Разделитель для чтения книг в онлайн библиотеке

Онлайн книга «Кассия»

Cтраница 380

«И се, даровал тебе Бог всех плывущих с тобою»… Значит, это был самообман?.. Нет, просто она недостойна, чтобы ее молитва была услышана…

«Господи, не ради моих молитв, но по единой милости Твоей!..»

Снег повисал на ресницах, таял на губах. Мокрый и холодный – такой же холодный, как страх, сжимавший ее сердце с того самого момента, как она простилась с императором…

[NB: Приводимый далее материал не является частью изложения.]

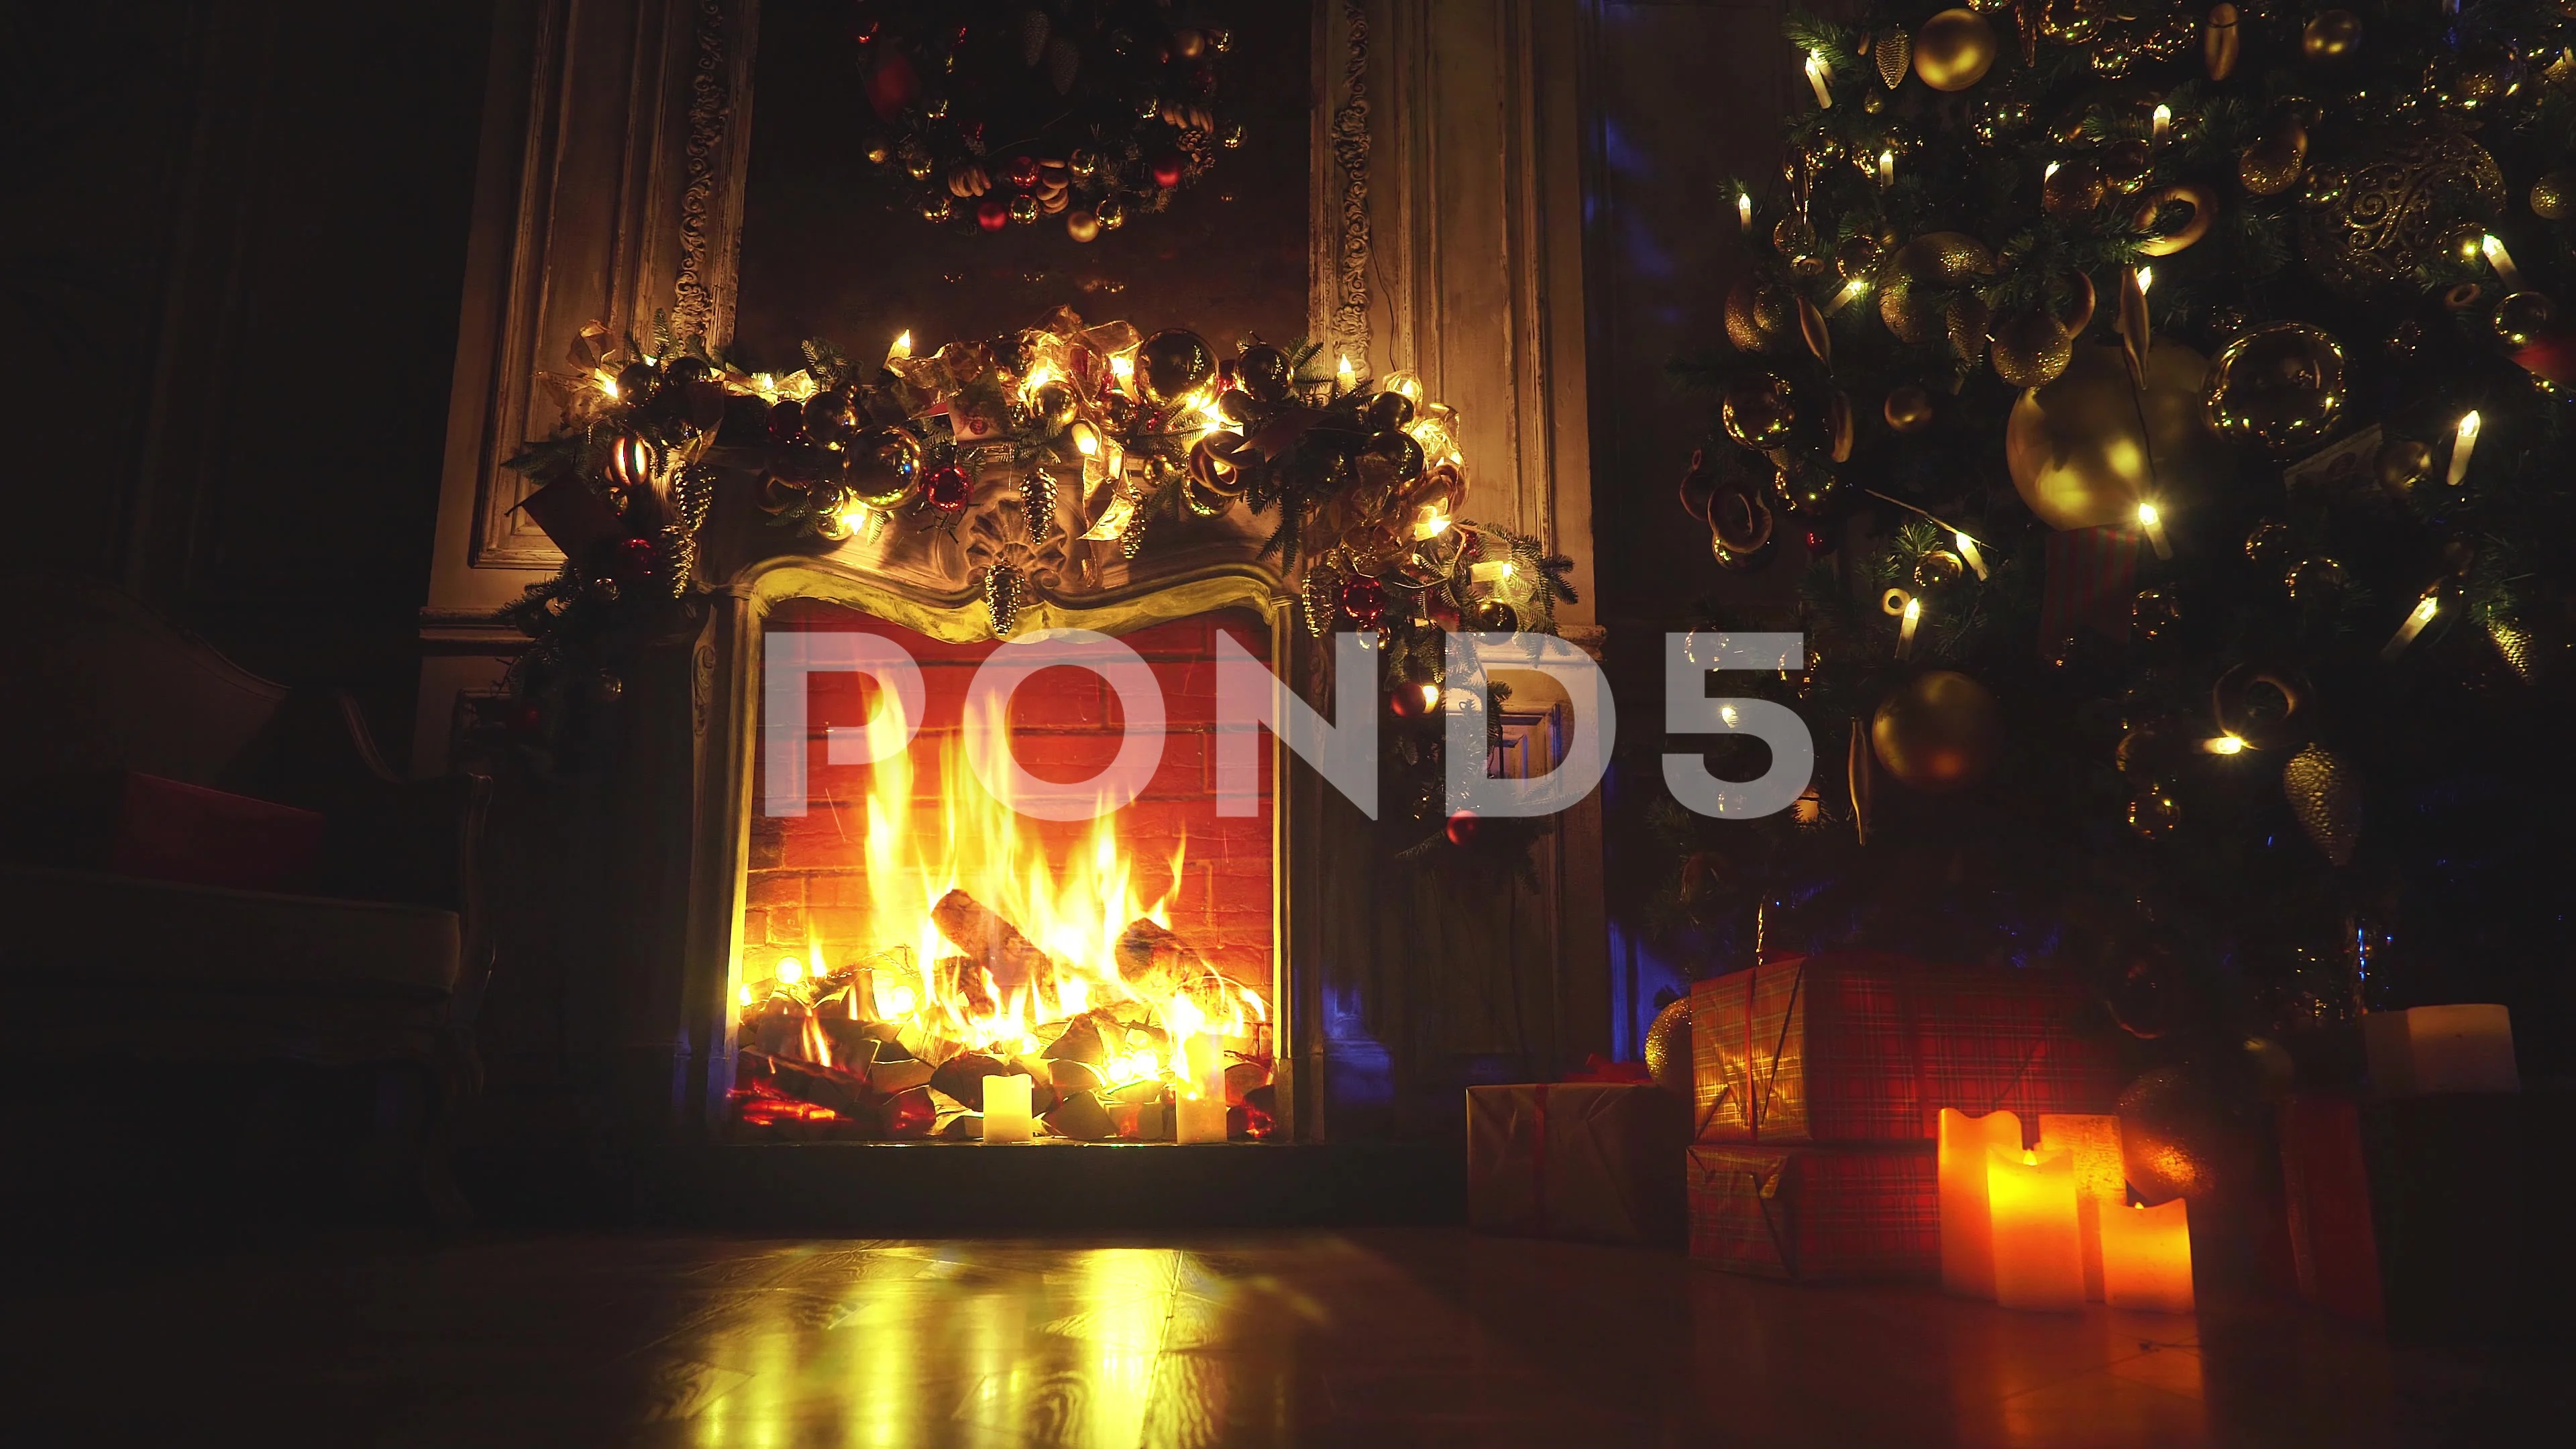 Mùa Giáng Sinh sắp đến rồi! Hãy cùng chiêm ngưỡng khoảnh khắc ấm áp của lửa đang rực cháy trên bếp lửa Giáng Sinh. Với hình ảnh lò sưởi Giáng Sinh, bạn sẽ cảm nhận được không khí lễ hội rộn ràng đang lan tỏa khắp nơi.

Игуменья вошла в нартекс и вытерла ноги о шерстяной коврик. Она пришла чуть раньше: в било ударили только что, и сестра Марфа, возжигавшая лампады, еще не обошла храм. Здесь было теплее, чем на улице, но не намного. Какая-то сестра молилась, стоя на коленях слева, почти под самым окном. Евфимия! «Где двое или трое собраны во имя Мое…» Неужели Бог не услышит? Ведь не только они двое молятся за государя, а еще множество людей!.. Евфимия подняла голову и посмотрела на игуменью, в ее глазах стоял тот же вопрос: неужели не услышит?.. «Это жестоко! – мелькнула у Кассии мысль. – Хотя в этом виноваты мы сами, должно быть… У нас мало веры!..» Но надо было взять себя в руки: в храм начинали собираться сестры. Наступала память святителей Александрийских Афанасия и Кирилла, которые всю жизнь боролись за православие, обличали еретиков и увещевали не общаться с ними… А накануне была память преподобного Антония Великого… Антония, называвшего современную ему арианскую ересь бесовским учением и завещавшего перед смертью не иметь никакого общения с еретиками… Антония, которому Бог на его вопросы по поводу странностей промысла о разных людях сказал только: «Себе внимай!»

«Я всё равно не смогу найти никаких ответов, по крайней мере, сейчас, – подумала Кассия. – Сейчас можно только молиться. Больше нам ничего не осталось!» – и она пошла на свое место, чтобы подать возглас к началу вечерни. Служба началась, сестры запели псалом, но игуменья не слушала. «Господи, помиловавший разбойника, в одиннадцатый час пришедшего к Тебе! – молилась она. – Не попусти погибнуть рабу Твоему! Приведи его на покаяние, хоть в последний час…»

Снег покрывал тонким слоем улицы и крыши и тут же таял, стекая слезами с мокрой черепицы…

«Господи! – молился патриарх в алтаре храма Святой Ирины, где тоже шла вечерня. – Разреши его сомнения и прими его в царство Твое вечное!»

На Город упала тьма, похолодало, ветер усилился. Снег стал колючим, хлестал в оконные стекла, острой крупой сыпал на крыши, забивал водостоки.

– Господи! – шептала при тусклом мерцании светильника вдова, которую император защитил от несправедливости препозита Никифора, – Государь умирает… Будь же милостив к нему, как и он был милостив к моему смирению!..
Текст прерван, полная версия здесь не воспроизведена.